The first thing we will need to do to make this work is import the library that allows us to establish a connection and session to Cassandra
-
At the Spark REPL command line type this command
import com.datastax.spark.connector.cql.CassandraConnector
-
Now we need to use this library to create a connection to Cassandra
val connector = CassandraConnector(csc.conf)
-
Next we need to create a session with Cassandra
val session = connector.openSession()
-
With the session created we can now execute the CQL statement that will prepare our keyspace and table. Execute each of the below statements.
session.execute(s"CREATE KEYSPACE IF NOT EXISTS spark_cass WITH REPLICATION = { 'class':'SimpleStrategy', 'replication_factor':1}") session.execute(s"DROP TABLE IF EXISTS spark_cass.simple") session.execute(s"CREATE TABLE IF NOT EXISTS spark_cass.simple (pk_id int, value text, PRIMARY KEY(pk_id))")
-
We are now finished with the Cassandra session/connector so we can free those resources
session.close()
At this point you should have created a keyspace and a table that we can now use.
IMPORTANT NOTE: In most of your use case you will not need to go through step 2 as you keyspaces and tables will already exist.
##3. Create a Spark RDD with data and validate that information
First you need to create some data to insert into out simple table. Recall the table is an integer primary key and a text value.
-
From the Spark REPL, issue the below command to create and RDD named data. Note that this command uses the Spark Context (sc) not the Cassandra Spark Context (csc).

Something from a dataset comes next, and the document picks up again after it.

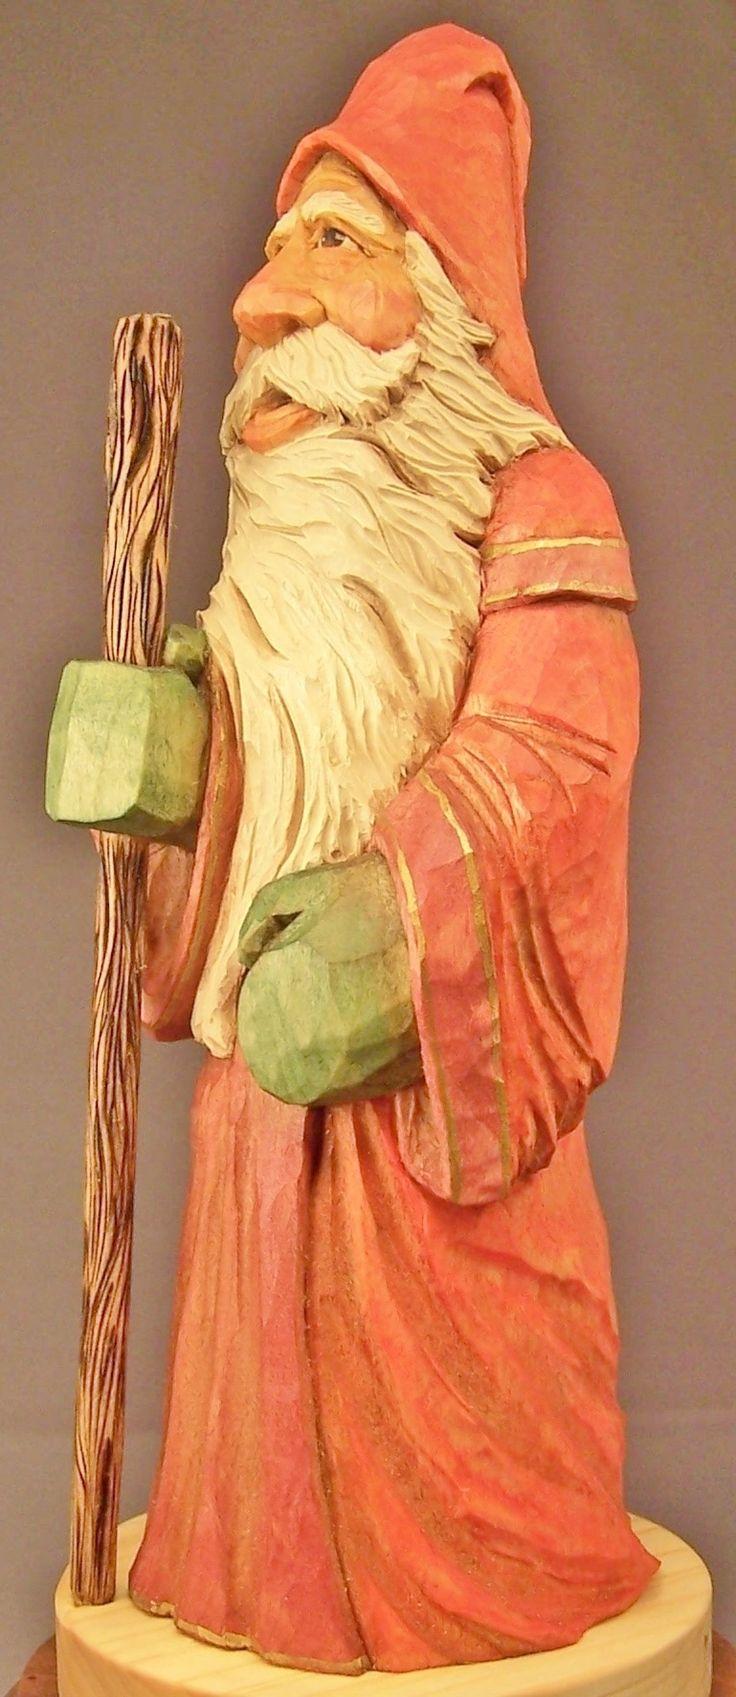 529 best Santa images on Pinterest   Carved wood, Wood carvings ...

val data = sc.parallelize(List((1,"abc"),(2,"def"),(3,"ghi")))
-
You can verify that you have created this data with the following commands
-
Count the number of rows you created (result should be 3)
data.count()
-
Display the contents of all the rows in the RDD
data.collect.foreach(println)
-
OR BETTER (collect can be very expensive with large partitioned data sets)
data.take(3).foreach(println)
-
-
##4. Insert the contents of the RDD into the Cassandra table
Here you will take the RDD that you created (data) and save it to the table we prepared (simple) in the spark_cass keyspace.
-
This is a single step process where we call the "saveToCassandra" method on the RDD object.
data.saveToCassandra("spark_cass", "simple", SomeColumns("pk_id", "value"))
-
Now query the contents of the table. Here we will use the CassandraSQLContext (csc) and it SQL method. We will save the results ot a new RDD.
val cassData = csc.sql(s"SELECT * FROM spark_cass.simple")
-
Validate the contents of the new RDD
cassData.count()
-
Print the contents of the new RDD
cassData.collect.foreach(println)
You can also test that this data has been inserted into the table via the CQL shell.